Managing Data and Infrastructure in AI Projects: Key Challenges and Solutions
In a previous article, I shared about the challenges faced in the area of project scope while managing AI projects. In this article, I am going to share some of the key challenges faced, in the area of data and development environment, and how they were addressed by the project managers and the project teams.
DATA
Data is of great significance to AI/ML projects. It is not possible to train a ML model to achieve acceptable results without the right quantity and quality of data. In this regard, another main challenge faced by the project team is the delay in the provision of quality data by the project sponsor, and sometimes made worse due to non-availability of quality data.
Data preparation is time consuming and project sponsor has to invest considerable time and effort to curate data for model training. For some projects, the data needs to be scraped from public domain websites which requires the project sponsor to build a web scraper to extract the data. Most project sponsors are not prepared with the data required for model development at the start of the project. There were cases where the data was only made fully available around midway of the project. This delays the Exploratory Data Analysis (EDA) planned in the early stage of the project. EDA is meant for the project team to uncover any data quality issues early and provide feedback to the project sponsor to take next steps to improve the data quality.
Challenges faced
- Insufficient data for model training
- Poor data quality
- Imbalanced dataset
- Incorrect labelling/annotation
- Full dataset is available only around midway of the project
- Synthetic data provided instead of actual data due to regulatory requirements
How we dealt with data issues
- Reiterated the need for good quantity and quality of data (for model accuracy) during the initial proposal review by the presales team and during the project kick-off meeting and subsequent sprint review meetings by the project team.
- Relevant pretrained models were employed for cases where the quantity of training data is not sufficient.
- Provided templates with samples on how the data has to labelled and the quantity of labels required.
- Arranged meetings with the labelling team to understand the manual labelling process and communicated the labelling requirements to the labellers.
- Shared open source annotation tools and organized briefing sessions with the labelling team on how the data has to be annotated for better model performance.
- For projects where the project sponsor could provide only synthetic data due to regulatory requirements, the project team worked with the project sponsor to ensure that the synthetic data closely matches with and is representative of the actual data. Also, the model which is trained on the synthetic data had to be retrained on the actual data of good quality and further fine-tuned to get better results.
DEVELOPMENT ENVIRONMENT
The development of ML model requires a development environment with all the required hardware (e.g. GPU, memory, storage), open source ML libraries (e.g. TensorFlow, PyTorch), experiment tracking tools (e.g. MLFlow, Weights and Biases) and other resources for training and building the models.
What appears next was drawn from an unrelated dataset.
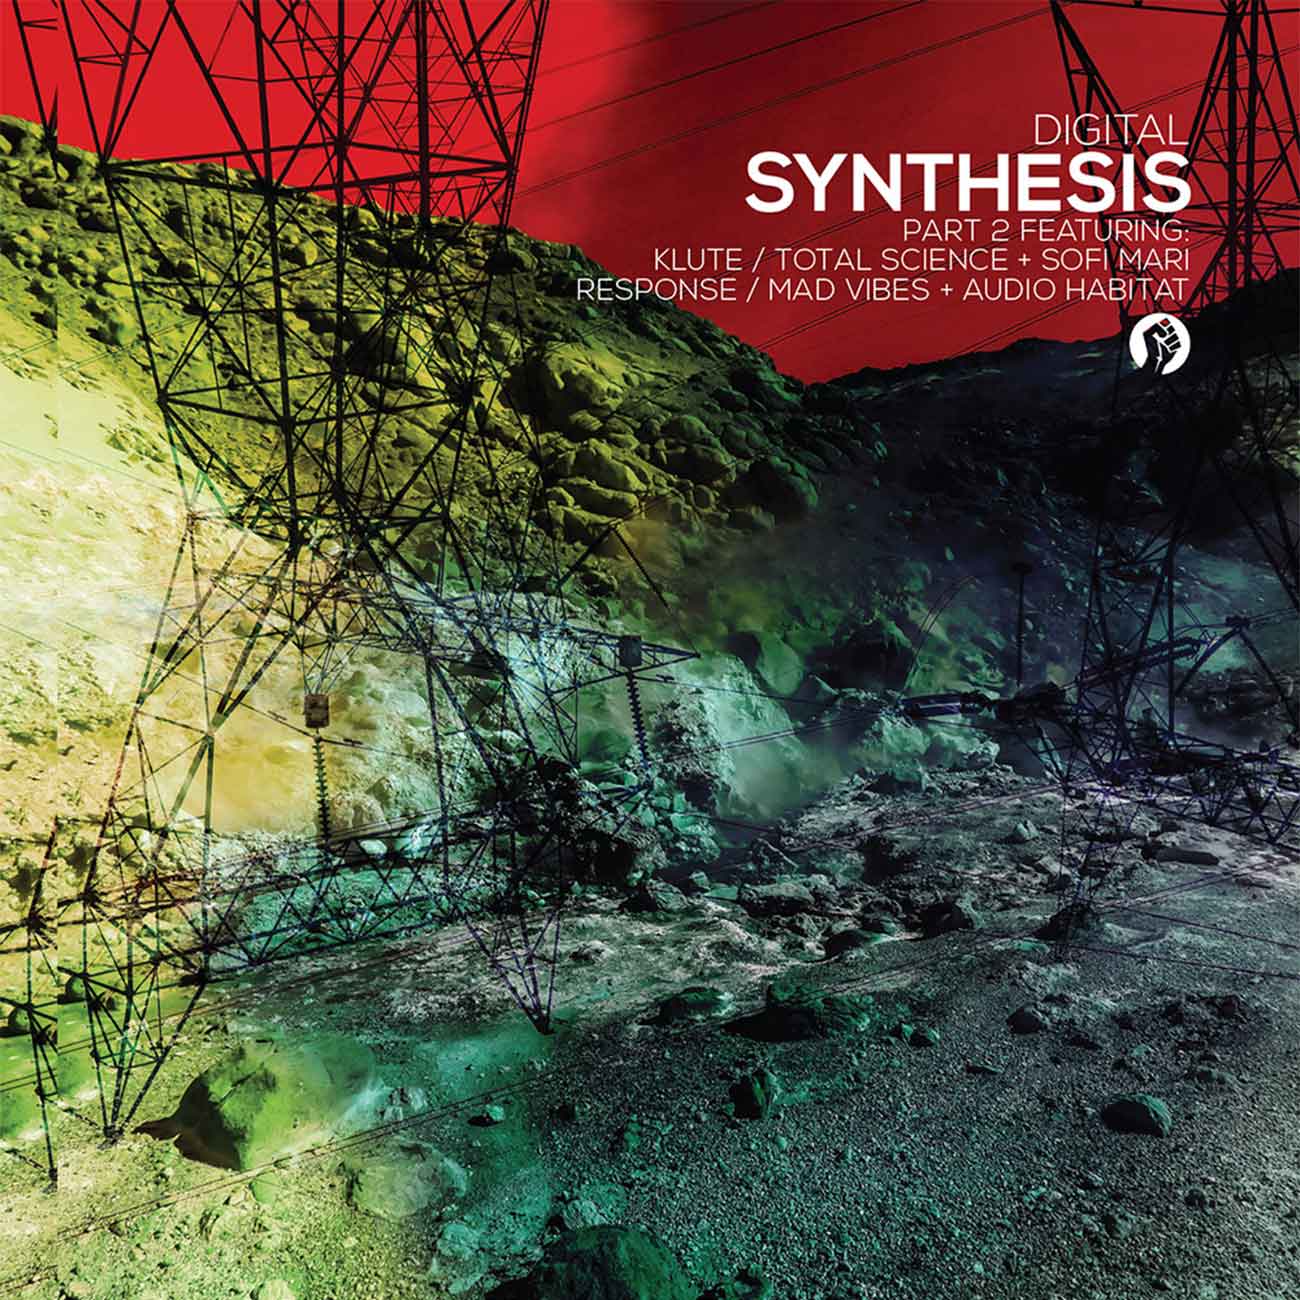 Digital - 'Synthesis' Album Part 2 & 3 - April 2016

In AISG, the Platforms team has provisioned a comprehensive development environment which enables smooth development and deployment of the projects. The environment has since evolved over time based on the requirements for the execution of the past projects.
However, there were projects where the project sponsor expected the project team to use the organisation’s infrastructure and development environment for building the ML models, mainly due to the regulations and restrictions in data handling and management, i.e. the data required for model development has to stay within the corporate networks of the organisation. In such a case, the project team had to access the environment remotely and faced additional challenges due to the unexpected and unpredictable limitations of the environment which hindered the development speed.
Challenges faced
- Time and effort taken to apply for the remote access accounts
- Restricted access to the Internet to download the required ML libraries
- Lengthy approval process which may take 2-3 weeks for installing any new ML libraries and Python packages which are not available in the software repository of the organisation
- Software installations in the development environment were wiped out when the developer desktop was refreshed once every 3 weeks
How we dealt with development environment issues
- Proactively raised the requests for new ML libraries early so that the libraries are available when needed for model development and testing.
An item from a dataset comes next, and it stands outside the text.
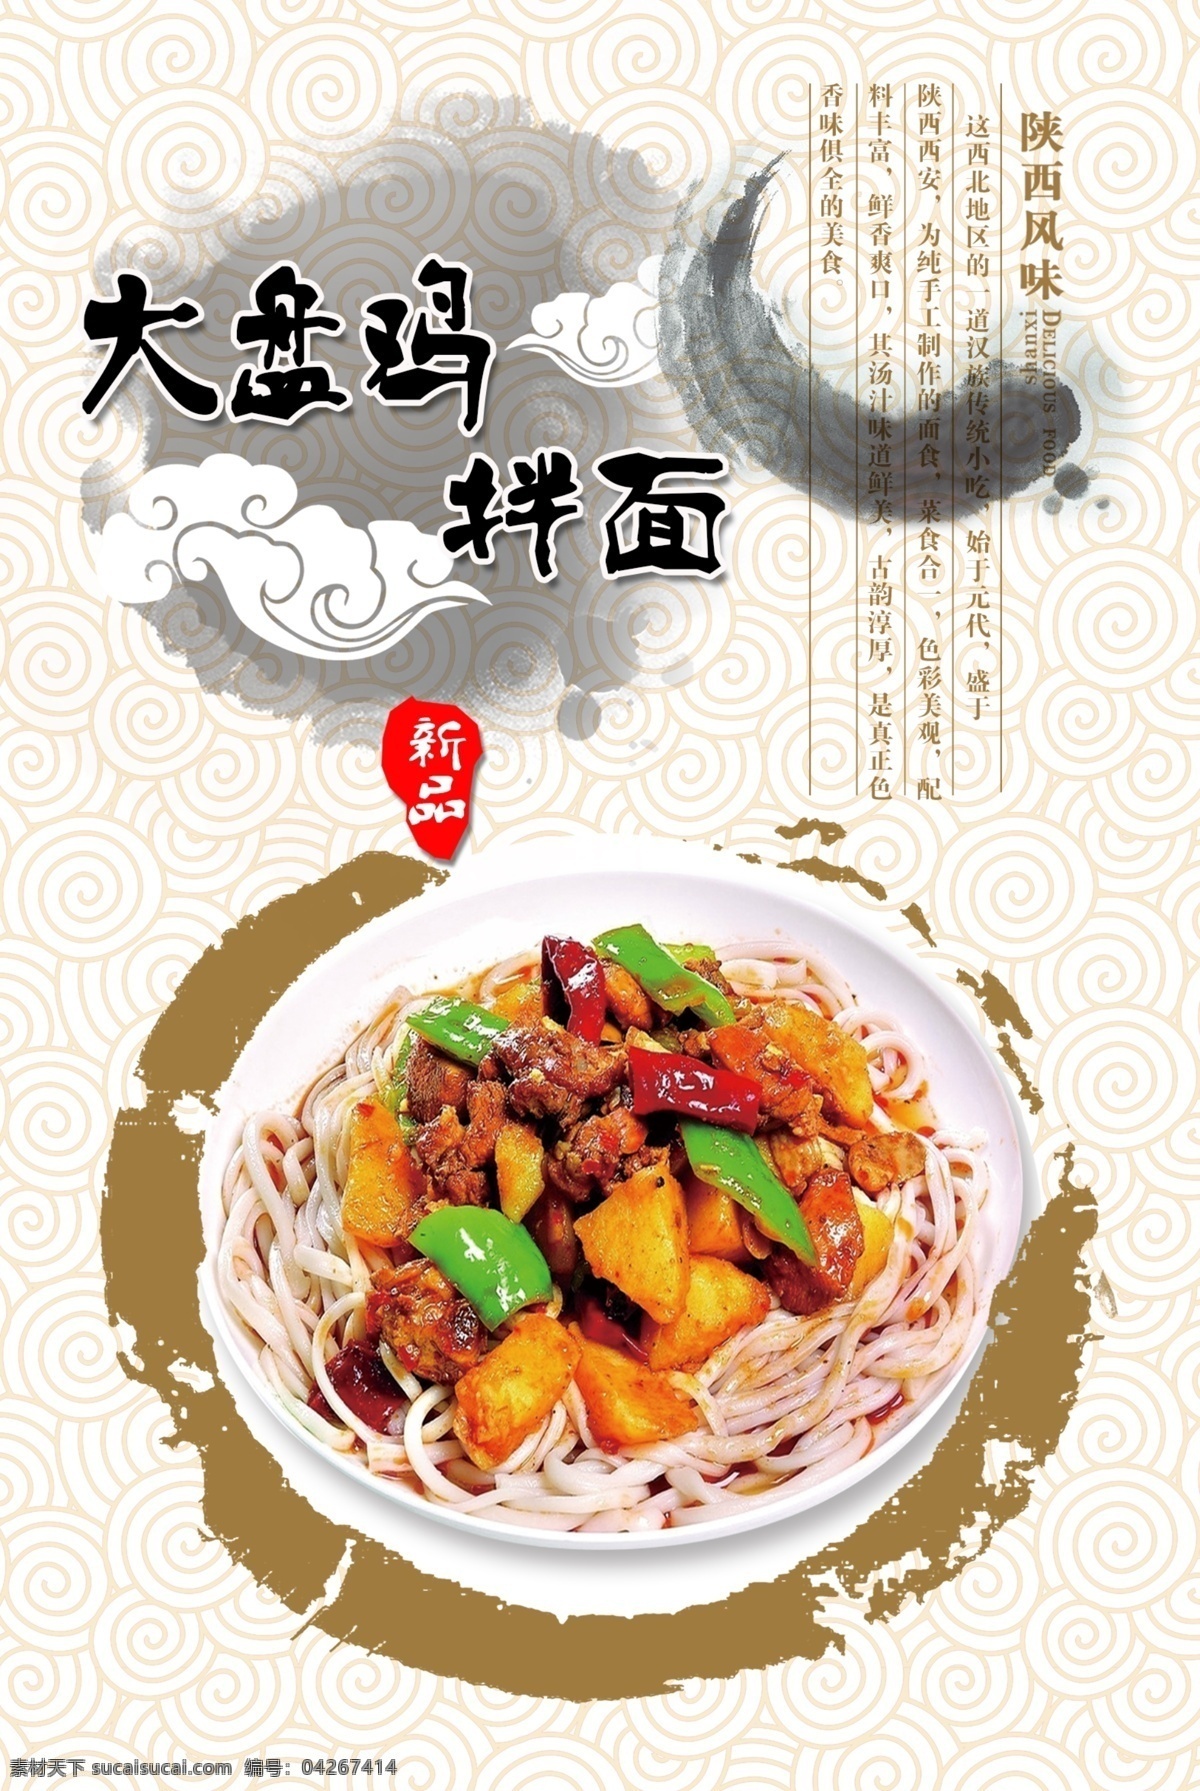 大盘鸡 拌 海报 厘米 写真 写真广告 菜品海报 西北菜

- To lessen the effect of the delays in getting approval to install the required ML libraries, the project team conducted the experimentations of some of the models in AISG development environment using synthetic data and subsequently transferred the model code to the project sponsor’s environment for testing the model with the actual data.
- Moved some of the software installations to the persistent folders to minimize the time spent in reinstalling the wiped out software.
CONCLUSION
As the field of AI continues to evolve, these lessons in managing data and development environment challenges will remain as pillars of guidance for the AI project managers of the future.